I suspect this is routine and easily solvable with some trick. In the case of $\Phi_0$ and $\Phi_1$, explicit expressions make the asymptotic rate of blowup easily calculable. I don't know a simple expression for $\Phi_{1/2}$.
 A: One trick that I like is to estimate the sum via integrals. The following is a rough informal outline, but you can formalize it via upper and lower bounds.
The basic idea is that roughly $\sum_{n=0}^{\infty} f(n)(1-x)^n \sim \int_0^{\infty} f(n)\exp(-n(-\log(1-x)))dn \sim \int_0^{\infty} f(n)\exp(-nx)dn$ for small $x$. One particularly nice aspect of this method is that you can use it for any nice enough $f(n)$.

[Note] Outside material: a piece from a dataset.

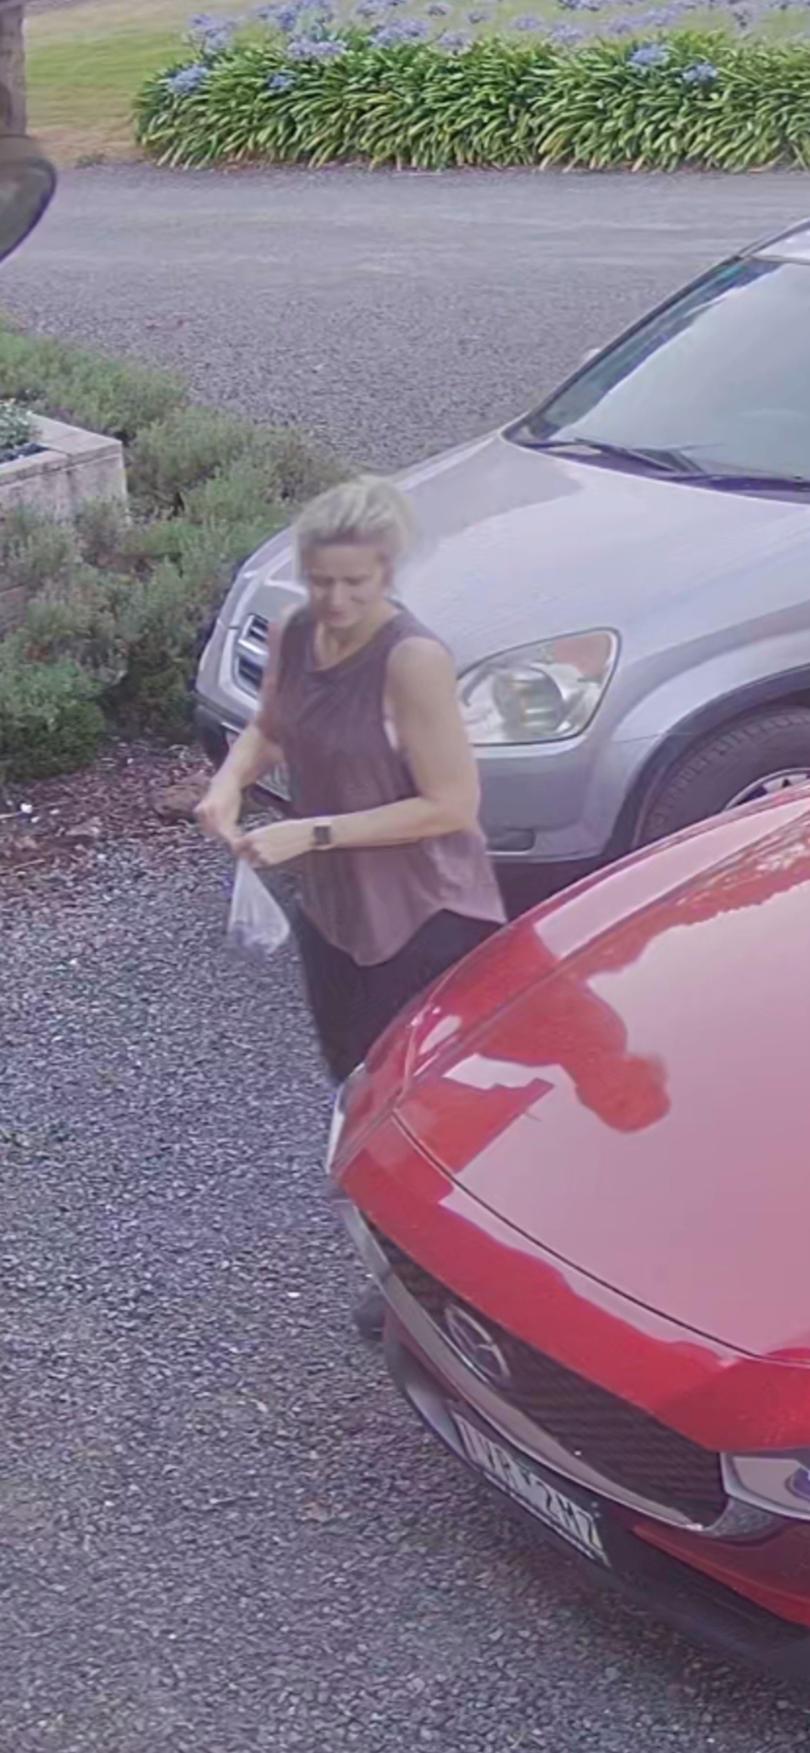 Police and emergency services are continuing their search for missing Ballarat East woman Samantha Murphy. The 51-year-old was last seen leaving her property on Eureka Street to go for a run, about 7am Sunday, 4 February.

In particular, for $f(n) = n^{\alpha},\,\alpha \geq 0$, the integral is $\frac{\Gamma(1+\alpha)}{x^{1+\alpha}}$.
A: The Polylogarithm function is defined as
$$\text{Li}_s(z) = \sum_{k=1}^{\infty} \dfrac{z^k}{k^s}$$
Hence, $$\text{Li}_{-1/2}(z) = \sum_{k=1}^{\infty} \sqrt{k} z^k$$
Hence, the series you have is $\text{Li}_{-1/2}(1-x)$. And you also have that
$$\lim_{x \to 0} x^{3/2} \text{Li}_{-1/2}(1-x) = \dfrac{\sqrt{\pi}}2$$ i.e. as $x \to 0$ $$\text{Li}_{-1/2}(1-x) \sim \dfrac{\sqrt{\pi}}{2 x^{3/2}}$$
In general as $x \to 0$, we have
$$\text{Li}_{s}(1-x) \sim \dfrac{\Gamma(1-s)}{x^{1-s}}$$